Class StringTools


  • public final class StringTools
    extends Object
    Tools for working with strings.
    Author:
    Daniel Naber
    • Field Detail

      • UPPERCASE_GREEK_LETTERS

        public static final Set<String> UPPERCASE_GREEK_LETTERS
      • LOWERCASE_GREEK_LETTERS

        public static final Set<String> LOWERCASE_GREEK_LETTERS
    • Method Detail

      • assureSet

        public static void assureSet​(String s,
                                     String varName)
        Throw exception if the given string is null or empty or only whitespace.
      • readStream

        public static String readStream​(InputStream stream,
                                        String encoding)
                                 throws IOException
        Read the text stream using the given encoding.
        Parameters:
        stream - InputStream the stream to be read
        encoding - the stream's character encoding, e.g. utf-8, or null to use the system encoding
        Returns:
        a string with the stream's content, lines separated by \n (note that \n will be added to the last line even if it is not in the stream)
        Throws:
        IOException
        Since:
        2.3
      • isAllUppercase

        public static boolean isAllUppercase​(String str)
        Returns true if the given string is made up of all-uppercase characters (ignoring characters for which no upper-/lowercase distinction exists).
      • isMixedCase

        public static boolean isMixedCase​(String str)
        Returns true if the given string is mixed case, like MixedCase or mixedCase (but not Mixedcase).
        Parameters:
        str - input str
      • isNotAllLowercase

        public static boolean isNotAllLowercase​(String str)
        Returns true if str is made up of all-lowercase characters (ignoring characters for which no upper-/lowercase distinction exists).
        Since:
        2.5
      • isCapitalizedWord

        public static boolean isCapitalizedWord​(String str)
        Parameters:
        str - input string
        Returns:
        true if word starts with an uppercase letter and all other letters are lowercase
      • startsWithUppercase

        public static boolean startsWithUppercase​(String str)
        Whether the first character of str is an uppercase character.
      • uppercaseFirstChar

        @Nullable
        public static @Nullable String uppercaseFirstChar​(String str)
        Return str modified so that its first character is now an uppercase character.
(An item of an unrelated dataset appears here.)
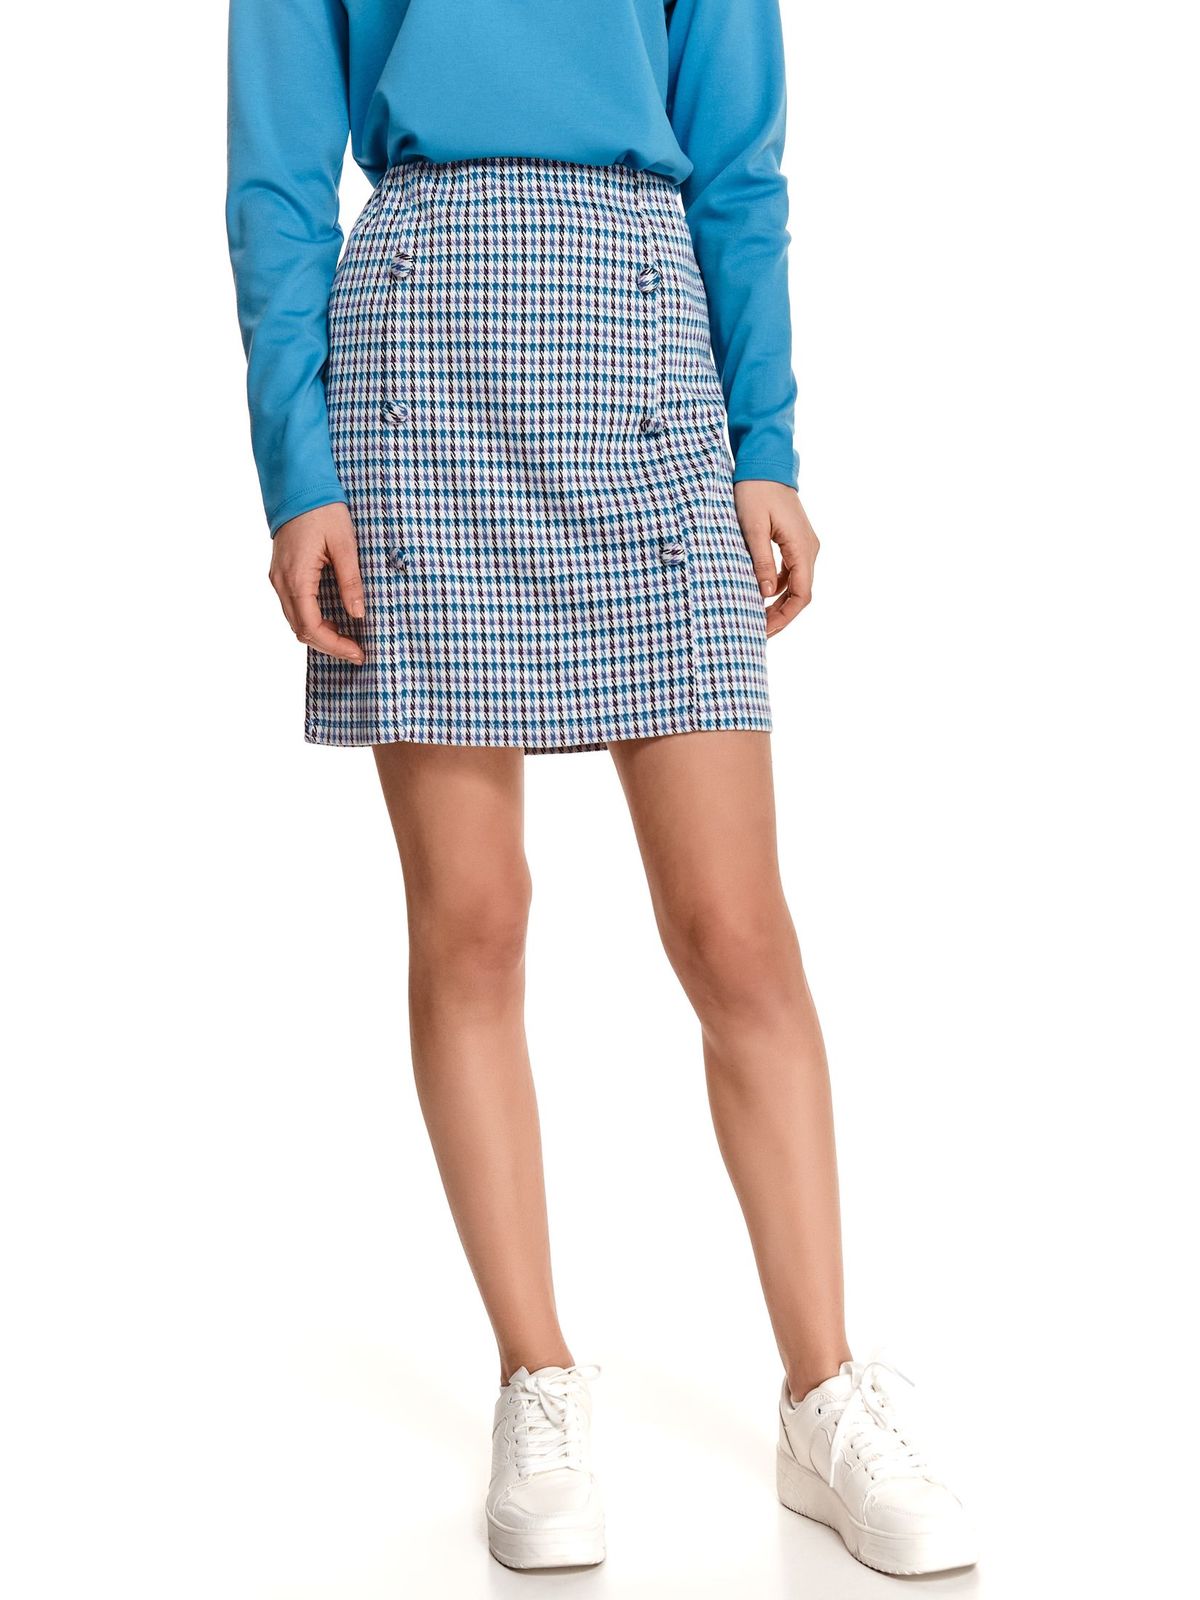 Blue skirt cloth pencil with chequers

If str starts with non-alphabetic characters, such as quotes or parentheses, the first character is determined as the first alphabetic character.
      • uppercaseFirstChar

        @Nullable
        public static @Nullable String uppercaseFirstChar​(String str,
                                                          Language language)
        Like uppercaseFirstChar(String), but handles a special case for Dutch (IJ in e.g. "ijsselmeer" -> "IJsselmeer").
        Parameters:
        language - the language, will be ignored if it's null
        Since:
        2.7
      • lowercaseFirstChar

        @Nullable
        public static @Nullable String lowercaseFirstChar​(String str)
        Return str modified so that its first character is now an lowercase character. If str starts with non-alphabetic characters, such as quotes or parentheses, the first character is determined as the first alphabetic character.
      • escapeForXmlAttribute

        public static String escapeForXmlAttribute​(String s)
        Since:
        2.9
      • escapeForXmlContent

        public static String escapeForXmlContent​(String s)
        Since:
        2.9
      • escapeHTML

        public static String escapeHTML​(String s)
        Escapes these characters: less than, greater than, quote, ampersand.
      • trimWhitespace

        public static String trimWhitespace​(String s)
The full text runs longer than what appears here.